Der denkmalgeschützte Beyer-Bau der TU Dresden, eines der prägenden Gebäude des Campus, wurde von 2018 bis 2025 umfassend saniert und modernisiert. Mit einem Investitionsvolumen von rund 76,5 Millionen Euro – darunter 8,2 Millionen aus EFRE-Mitteln – entstand ein moderner Lehr-, Forschungs- und Verwaltungsstandort für die Fakultät Bauingenieurwesen und Geowissenschaften. Die Sanierung umfasste die Erneuerung der technischen Gebäudeausrüstung, energetische Optimierung, Brandschutzmaßnahmen sowie Tragwerksverstärkungen mit Carbonbeton. Der nach Kriegszerstörung einst schlicht wiederhergestellte Turm der Sternwarte des Lohrmann-Observatoriums wurde denkmalgerecht instandgesetzt und technisch neu ausgestattet. Ein besonderes Highlight ist das im Dachgeschoss untergebrachte Planetarium. Das historische Erscheinungsbild der Hörsäle, Flure und Treppenhäuser blieb erhalten, während überbaute Innenhöfe und neue Erschließungen den Bau funktional erweitern.

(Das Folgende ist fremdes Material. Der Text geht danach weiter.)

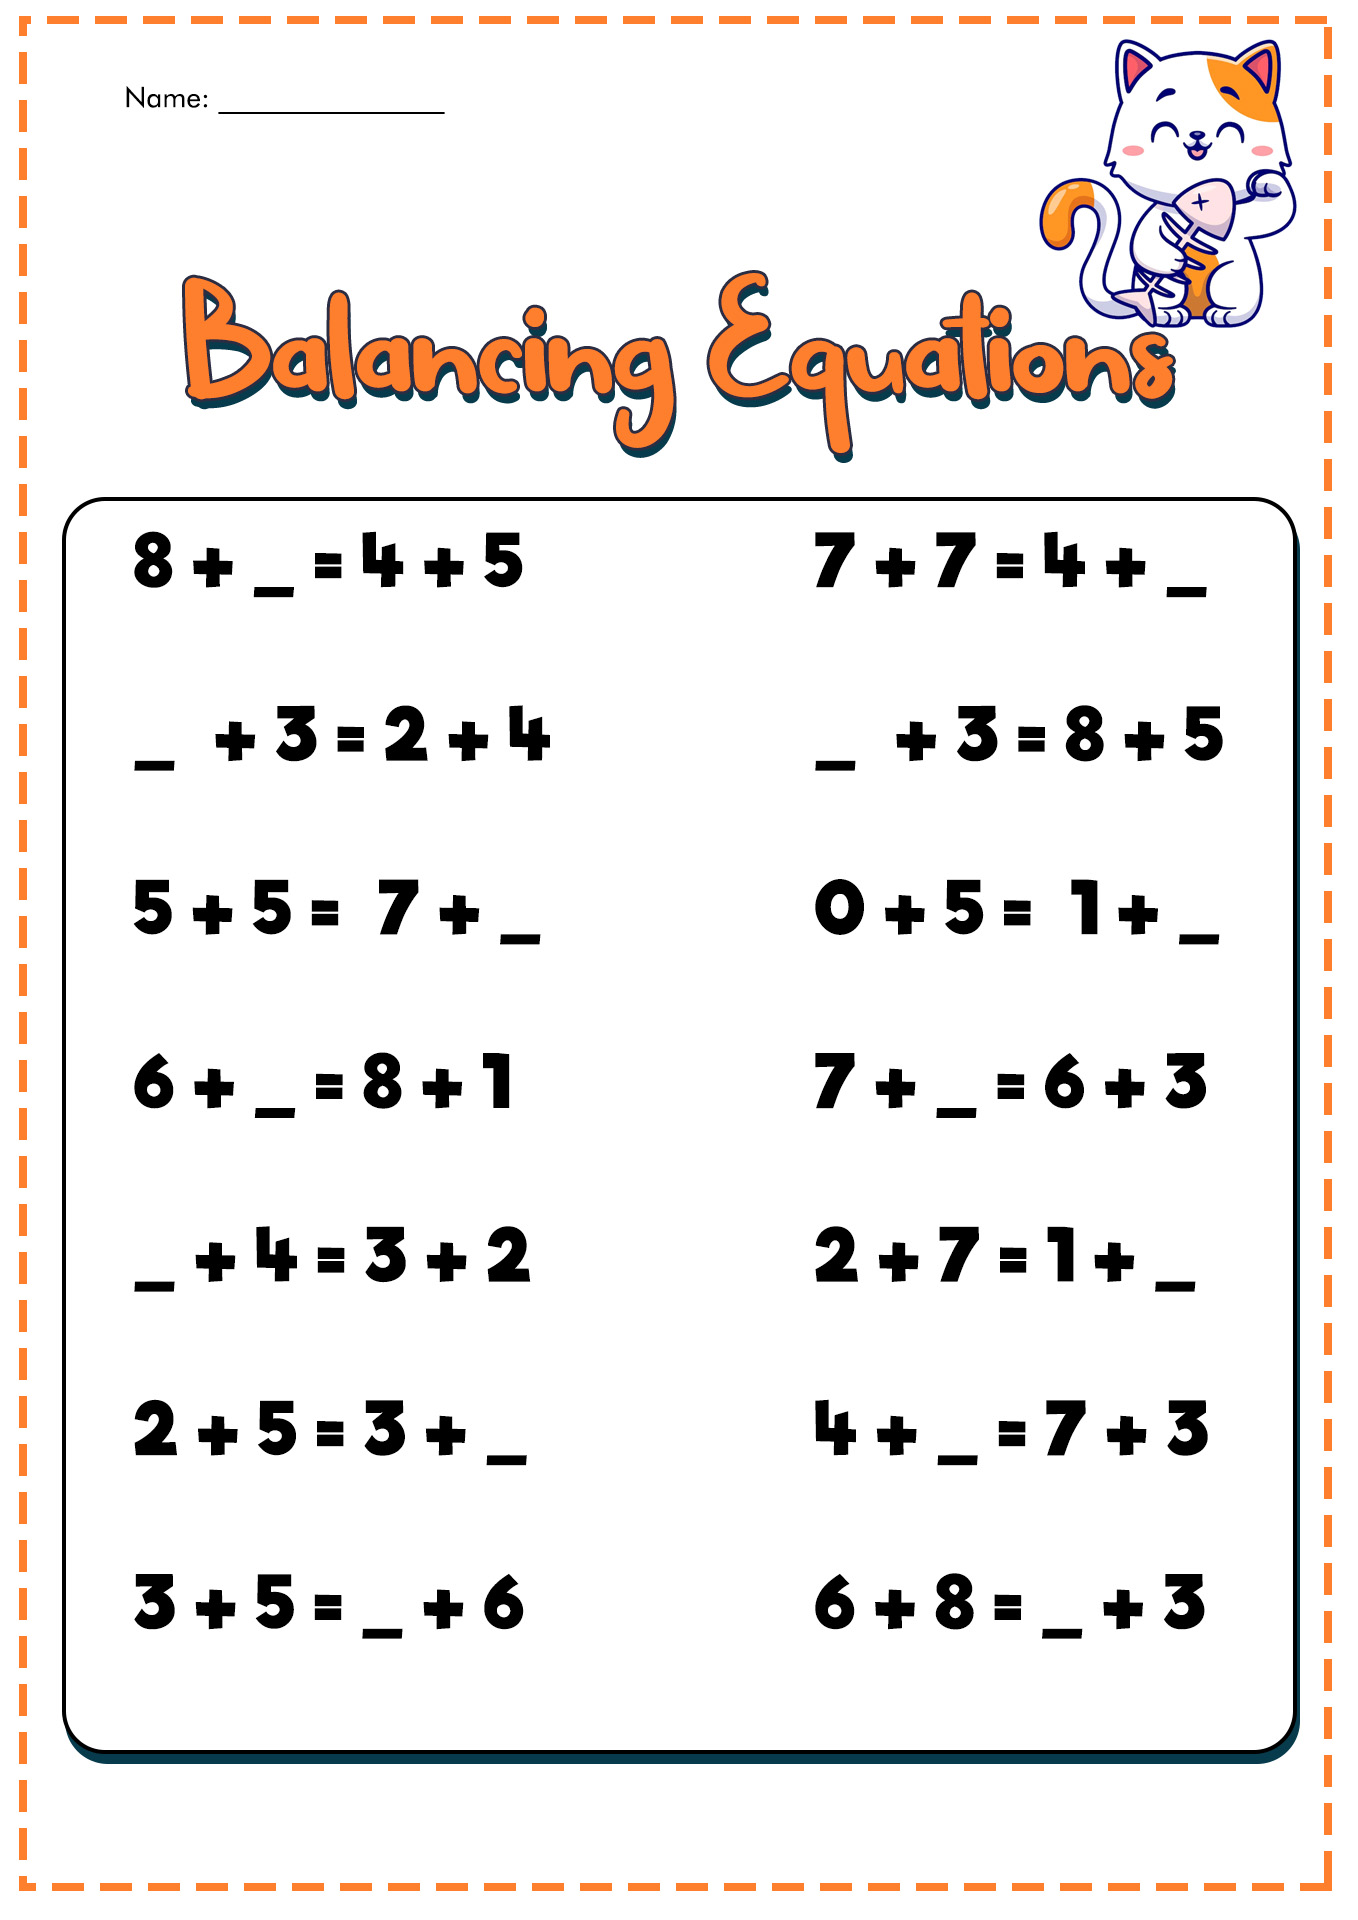 4th-grade-math-practice-multiples-factors-and-inequalities-4th-grade
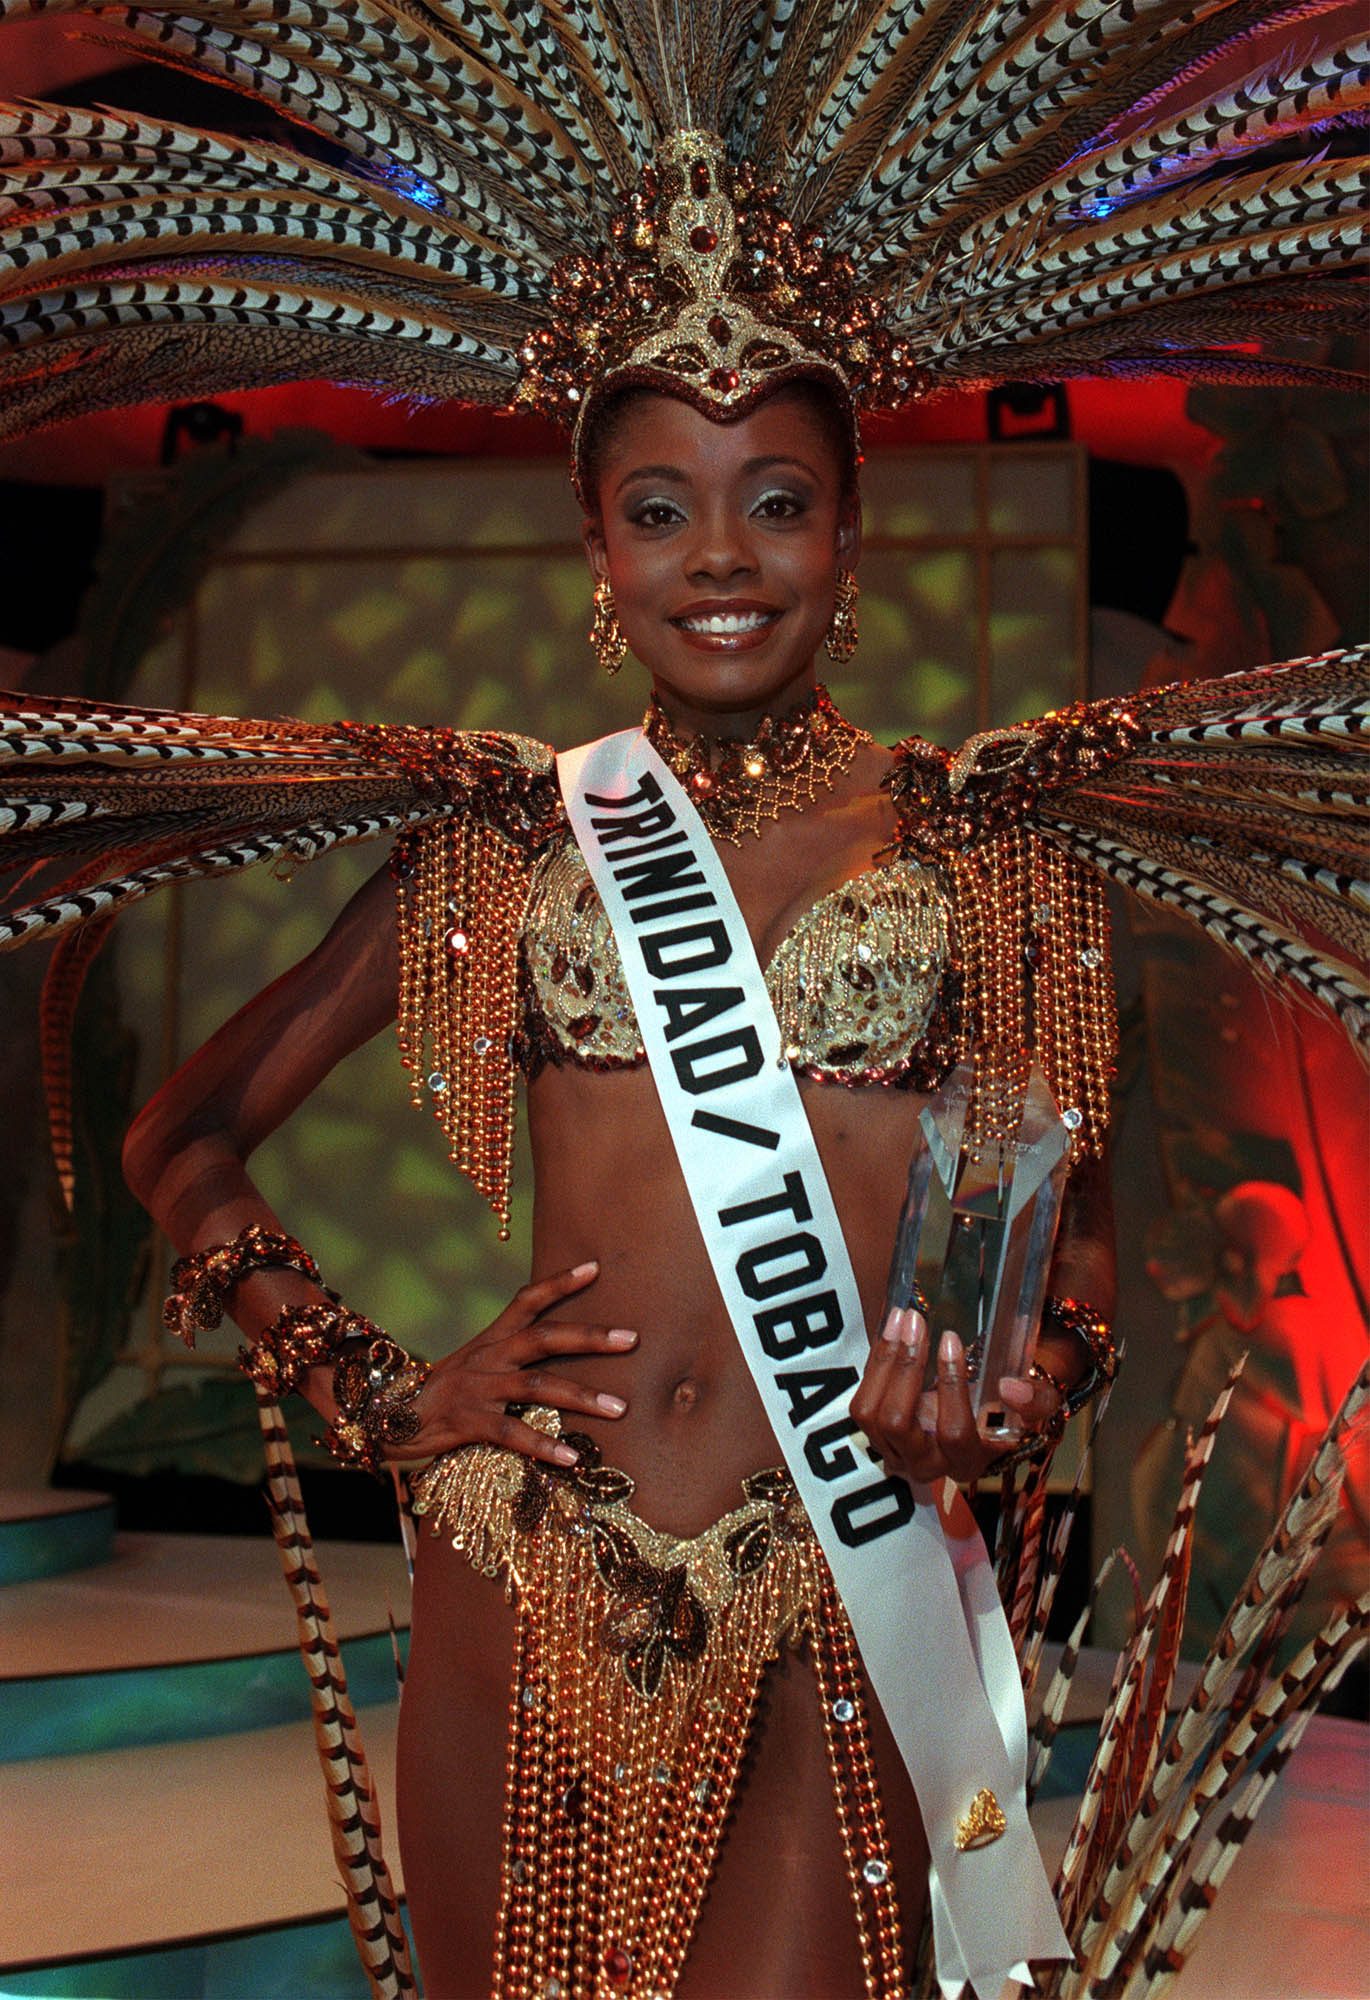 Wendy Fitzwilliam, MISS TRINIDAD & TOBAGO 1998, wins Best in National Costume Award May 7, 1998 from Honolulu, Hawaii chosen by a panel of Hawaiian based judges. Fitzwilliam said the costume, entitled "Freedom" , represents the spirit of her people and a cry of hope. The prize includes $1,000 cash and commemorative Hoya Crystal Trophy.  Photo from the Miss Universe Organization

Unsere Fachplanung der Bauphysik umfasste bau- und raumakustische sowie thermisch-energetische Untersuchungen, Simulationen, Betreuung des Verfahrens zur EFRE-Energieeffizienz-Förderung und begleitende messtechnische Überwachung. Die Herausforderung bestand darin, Schall- und Wärmeschutz mit der historischen Bausubstanz zu vereinen. Für Lehr-, Labor- und Büroräume wurden raumakustische Maßnahmen entwickelt, die sich unauffällig in das architektonische Konzept einfügen. Zudem wurden spezielle Schutzmaßnahmen gegen Erschütterungen der geotechnischen Materialprüfungs- und Versuchsanlagen entwickelt. Durch effiziente Gebäudetechnik und gezielte Simulationen konnten sommerliche Behaglichkeit und Energieeffizienz nachhaltig verbessert werden.